A few months before I left Thailand I jotted down a list of things that I believed I would miss the most about teaching there. After being home in America for nearly two months I wrote a list of what I actually miss, not just about teaching there but about living there in general. I miss it every single day.

That doesn’t mean that I haven’t thoroughly enjoyed my time home in America. I am grateful for the luxuries of home and I am astonished by how much our country truly has at its fingertips. I am beyond grateful for the quality time I have spent with people who I love sharing stories, meals, dance parties, copious amounts of wine and more than a few laughs.

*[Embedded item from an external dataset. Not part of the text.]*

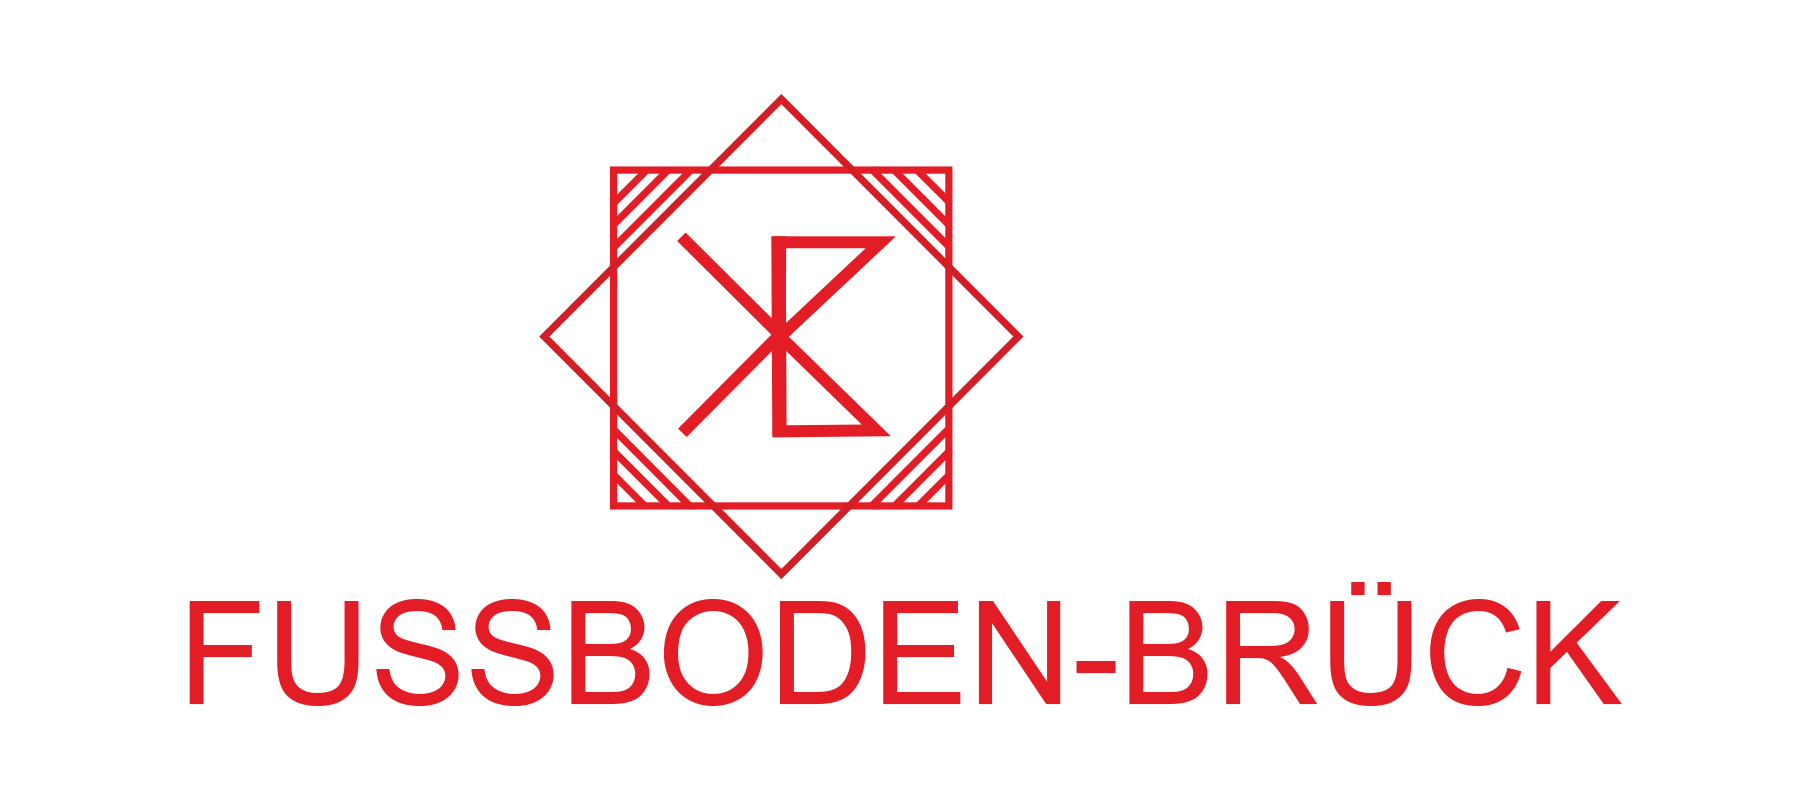 FussbodenBrueck_Logo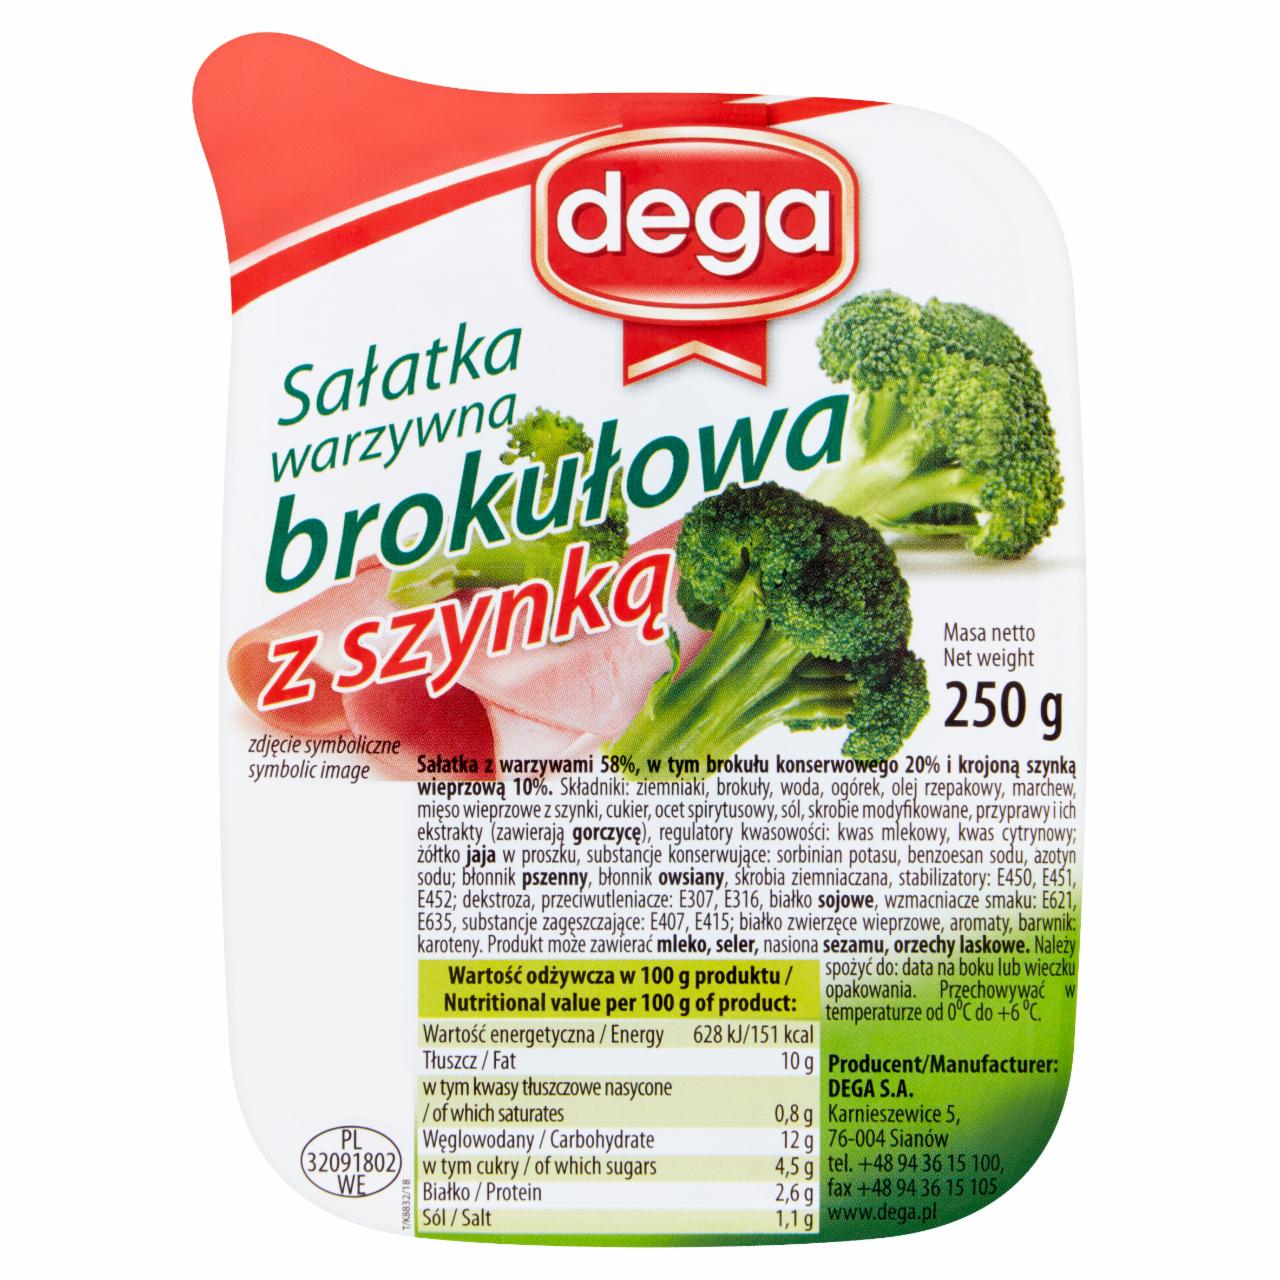 Zdjęcia - Sałatka warzywna brokułową z szynką 250 g Dega

I love sharing about my journey, my life, and the magical slice of South East Asia that captivated my soul and stretched me to my limits both in positive and negative respects. Many people I talk to have preconceived notions about what it would be like to live there and I never hesitate to prove them wrong.

I came home at by far my favorite time of year, Thanksgiving, Christmas and New Years. Now the rose colored holiday glasses are rapidly being clouded with SNOW. It’s -8 degrees right now. That just sounds like a sick joke. The temporary high of being back in America is wearing off and reality is setting in. Just like moving to Thailand, there is definitely a “vacation” period filled with adrenaline, reunions, and FUN and then you come to terms with the fact that you actually need to adjust to life here.